Create a Highly Available Kubernetes Cluster From Scratch

In this guide we’re looking to create a highly available Kubernetes cluster with multiple control plane nodes, loadbalancers and worker nodes.

The architecture of this Kubernetes cluster ensures a good level of availability and reliability for use in a production environment, but it is by no means fail-safe.

I’ve followed the recommendations from Kubernetes documentations which you can find here. All I’ve done is to present them in a curated manner.

What you’ll need

  • 3 Virtual machines for master nodes running Debian or CentOS with at least 2 GB of RAM and 2 CPU cores
  • 2 worker nodes running Debian or CentOs. It can be either VM’s or bare-metal servers. Use full bare metal servers if you have heavy workloads
  • At least 2 virtual machines running Debian or CentOs for load balancing

Architecture

kuber-arch

  • 3 separate master nodes (control planes) for redundancy
  • the master nodes are connected via loadbalancer
  • we’ll have at least 2 load balancing instance where they negotiate a virtual IP between the instances
  • worker nodes connect to the loadbalancer and the loadbalancer distributes request between control plane nodes

Setting up the Load balancers

We’ll be using HA proxy and Keepalived for the load balancing solution. I’ve followed this guide for reference.

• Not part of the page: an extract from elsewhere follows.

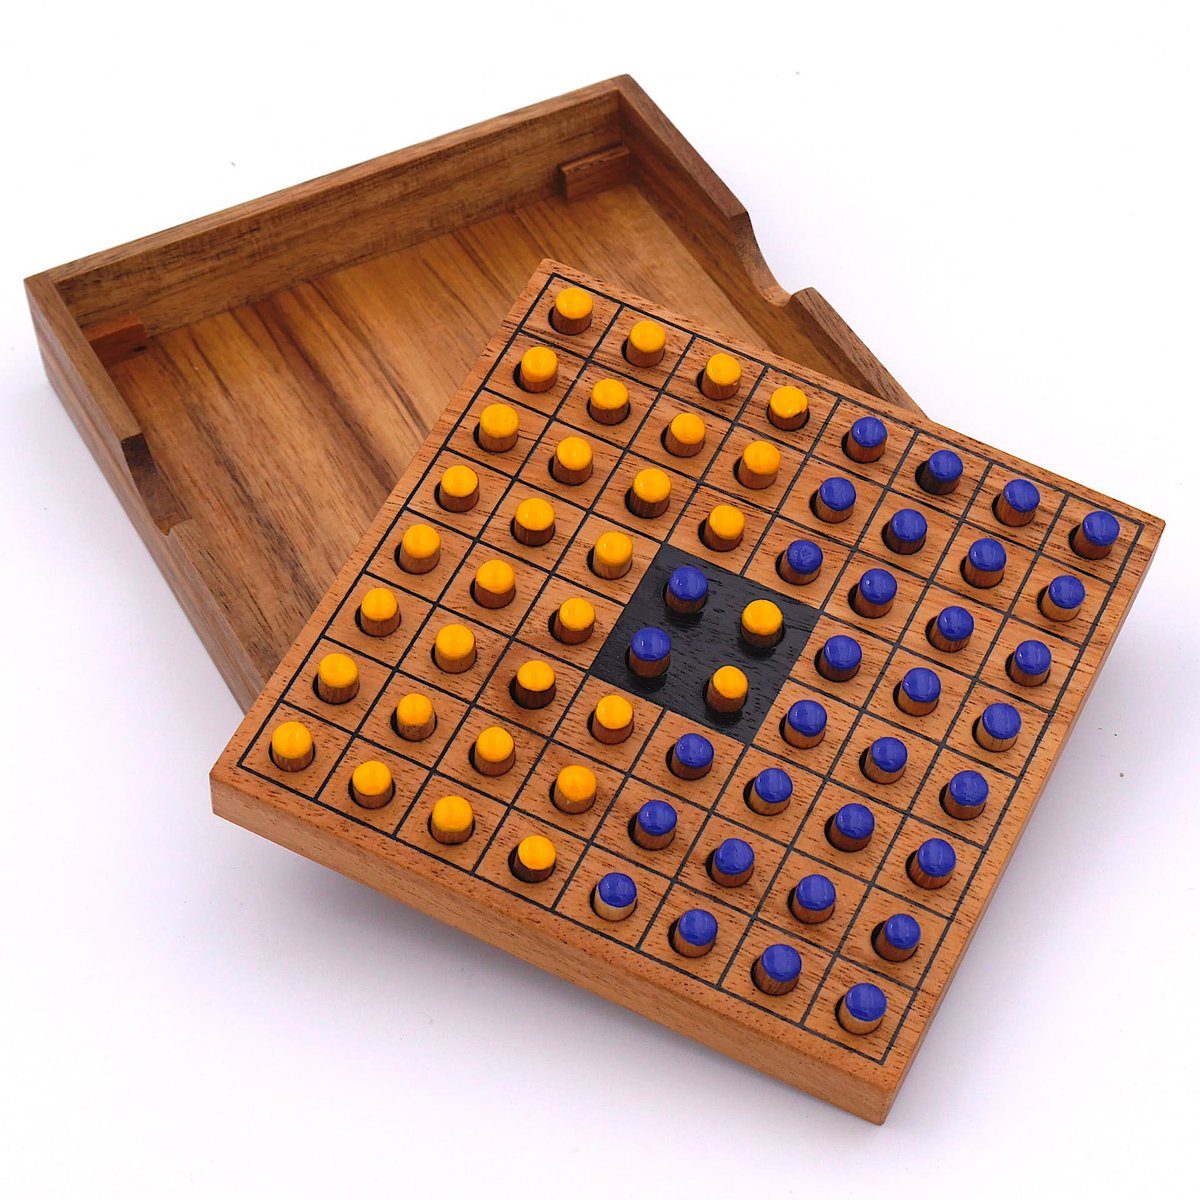 Holz, Denkspiele Personen Reversi edlem Interessantes gelb/blau Brettspiel Spiel, Strategiespiel 2 aus für ROMBOL Holzspiel –

  • Install HAProxy and Keepalived on both load balancing server
 apt install haproxy
apt install keepalived
  • Edit /etc/keepalived/keepalived.conf and make the configurations
! /etc/keepalived/keepalived.conf
! Configuration File for keepalived
global_defs {
    router_id LVS_DEVEL
}

vrrp_script check_apiserver {
  script "/etc/keepalived/check_apiserver.sh"
  interval 3
  weight -2
  fall 10
  rise 2
}

vrrp_instance VI_1 {
    state ${STATE}
    interface ${INTERFACE}
    virtual_router_id ${ROUTER_ID}
    priority ${PRIORITY}
    authentication {
        auth_type PASS
        auth_pass ${AUTH_PASS}
    }

    virtual_ipaddress {
        ${APISERVER_VIP}
    }

    track_script {
        check_apiserver
    }

}
  • Add the script for health checking /etc/keepalived/check_apiserver.sh
#!/bin/sh
errorExit() {
    echo "*** $*" 1>&2
    exit 1
}

curl --silent --max-time 2 --insecure https://localhost:${APISERVER_DEST_PORT}/ -o /dev/null || errorExit "Error GET https://localhost:${APISERVER_DEST_PORT}/"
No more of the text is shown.